С тех пор прошло семь лет ...
- Лева, пришло время вновь представить вас нашим читателям. За прошедшие годы, мне кажется, вы заметно изменились, да и дети подросли. Ваша дочь, как нетрудно в этом убедиться, делает прекрасные фотографии любимого отца. Так что начать разговор логично с семьи... Интересно услышать о ваших корнях, о родстве с Юлием Борисовичем Харитоном, ученым с мировым именем?

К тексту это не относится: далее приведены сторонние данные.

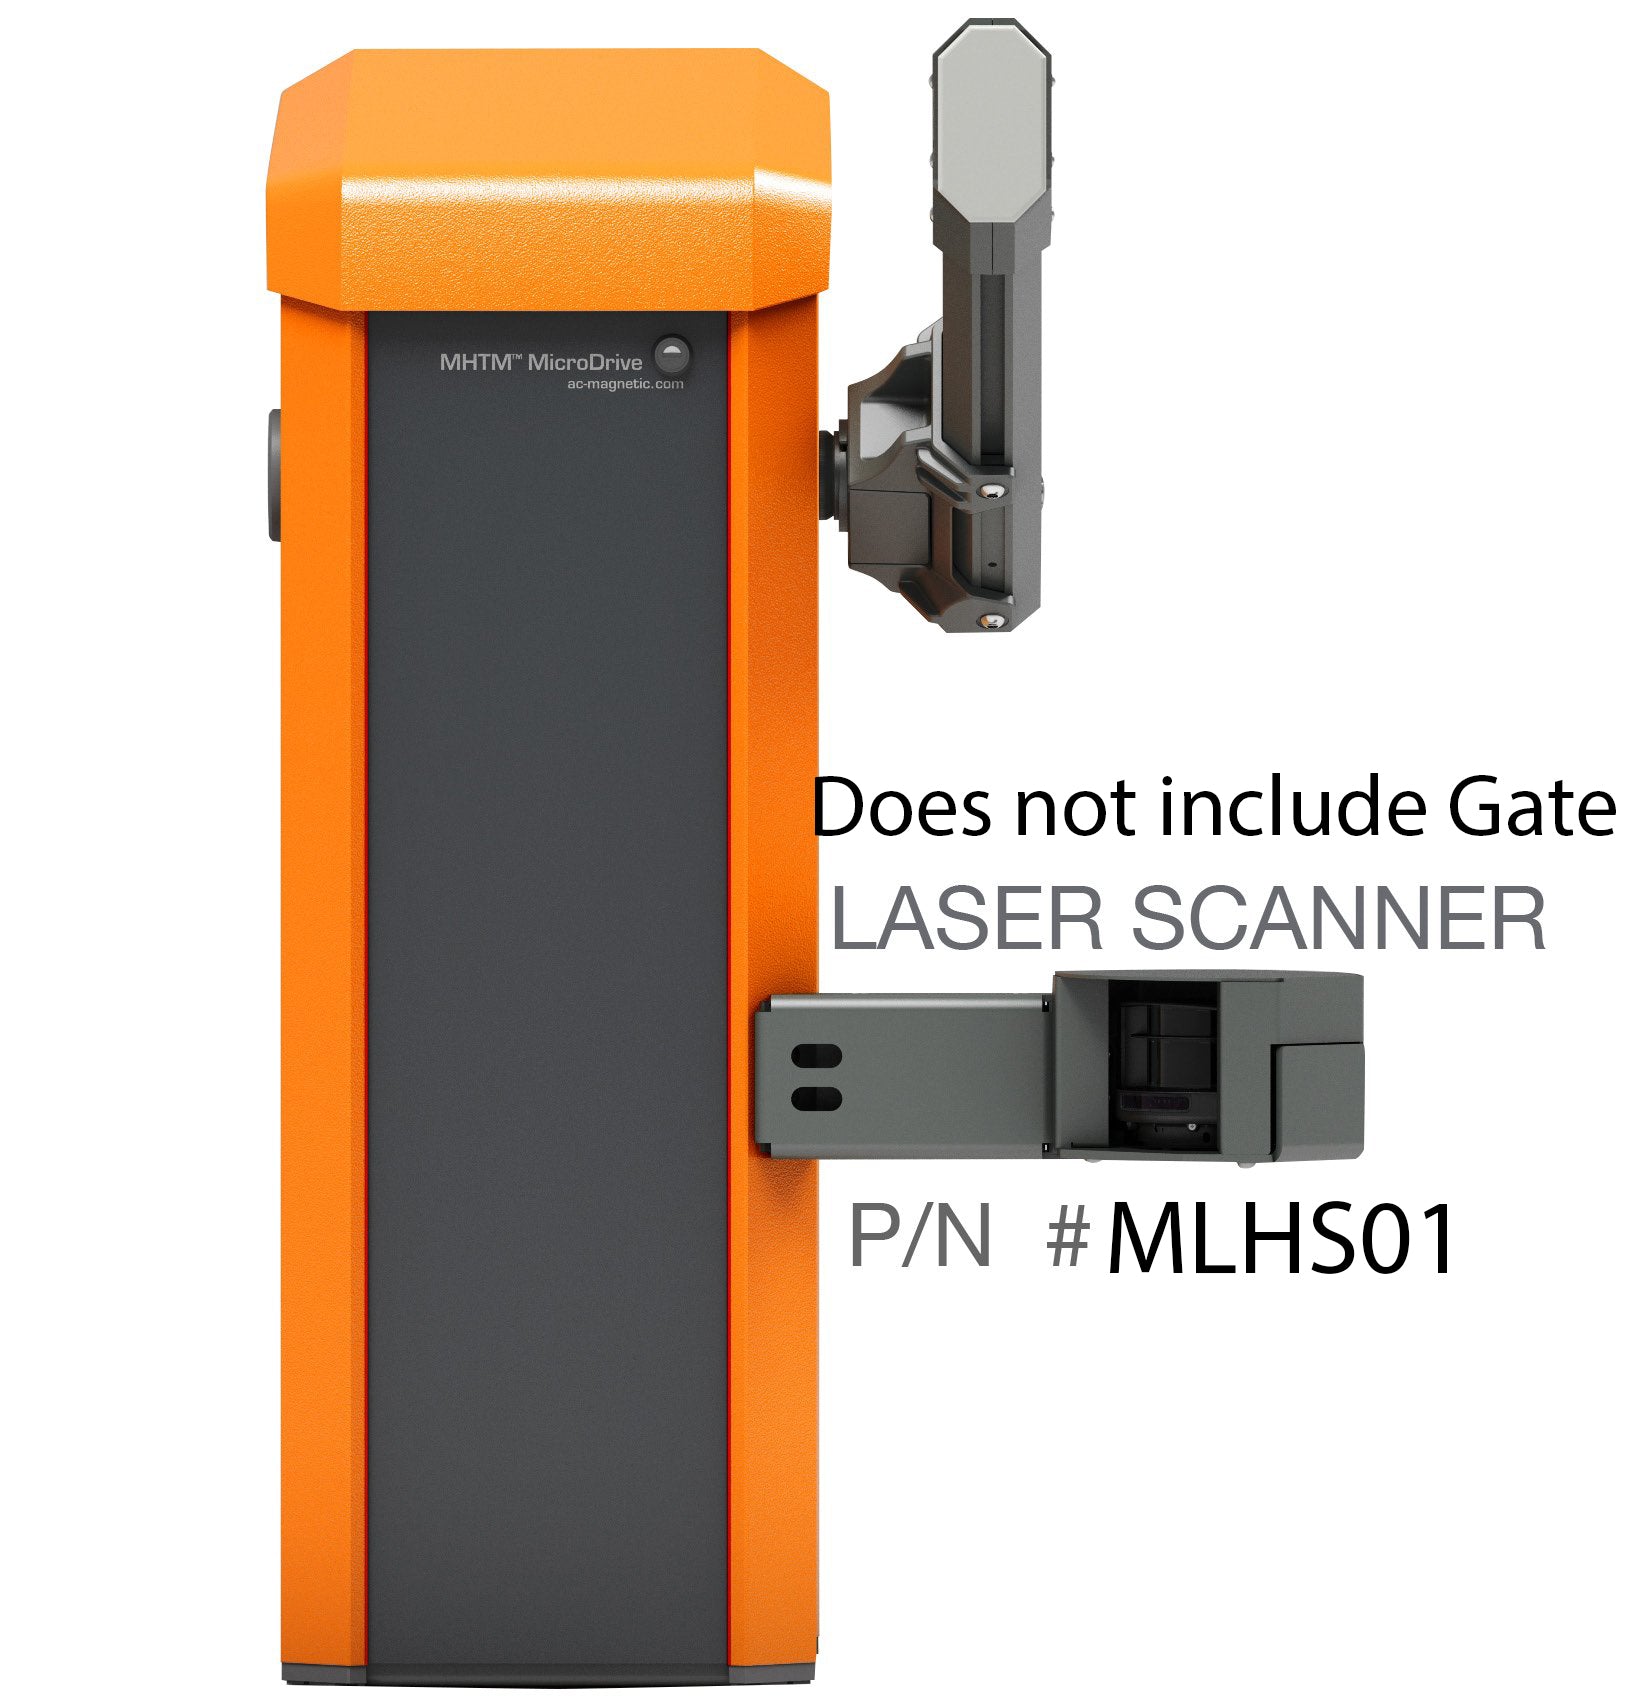 MLHS01 Stand Alone Scanner w/Power supply

- Да, но прежде я хочу поблагодарить вашу газету, читателем которой являюсь вот уже почти восемь лет.Что и говорить, время идет, причем довольно быстро. Никто из нас не молодеет, но, как поется в известной песне, «мои года – мое богатство», поэтому жаловаться не приходится. Но правда, в жизни каждого человека положительный опыт всегда сосуществует с отрицательным, а приятные эмоции – с негативными ощущениями. И всё это в общем-то называется жизнью.Это как волны моря – приливы и отливы. Касательно корней могу сказать, что мои родители провели начало жизни на Украине, отец родился в Киеве, мать - в Черкассах. Там и поженились в 1928 году. В 1929-м родился старший брат, а в 1930-м они все переехали в Москву, включая почти всю родню с обеих сторон. Антисемитизм, расцветавший в те годы на Украине, жутчайший голод. В Бабьем Яру погибли многие родственники моего отца. Так что это интервью сегодня могло бы и не состояться! Изгибы судьбы непредсказуемы. Относительно выдающегося ученого Юлия Борисовича Харитона я знаю очень мало. Он был двоюродным братом моего отца, и, насколько мне известно, его семья, то есть его родители имели петербургские корни. По понятным обстоятельствам, в советские времена его имя было засекречено. Мы видели его фамилию в газетах обычно, в некрологах под словами «группа товарищей», когда умирал кто-то из ученых . Он, полагаю, был человеком предельно лояльным режиму – и при Сталине, и при Хрущеве, и при Брежневе. Всегда подписывал какие-то воззвания. Мой отец гордился своим кузеном, нередко говорил: вот он какой у меня, трижды Герой соцтруда, у самого Резерфорда работал в Кавендише. Но никаких контактов у нас с ним не было – Юлий Борисович жил в Арзамасе, закрытом ото всех городе.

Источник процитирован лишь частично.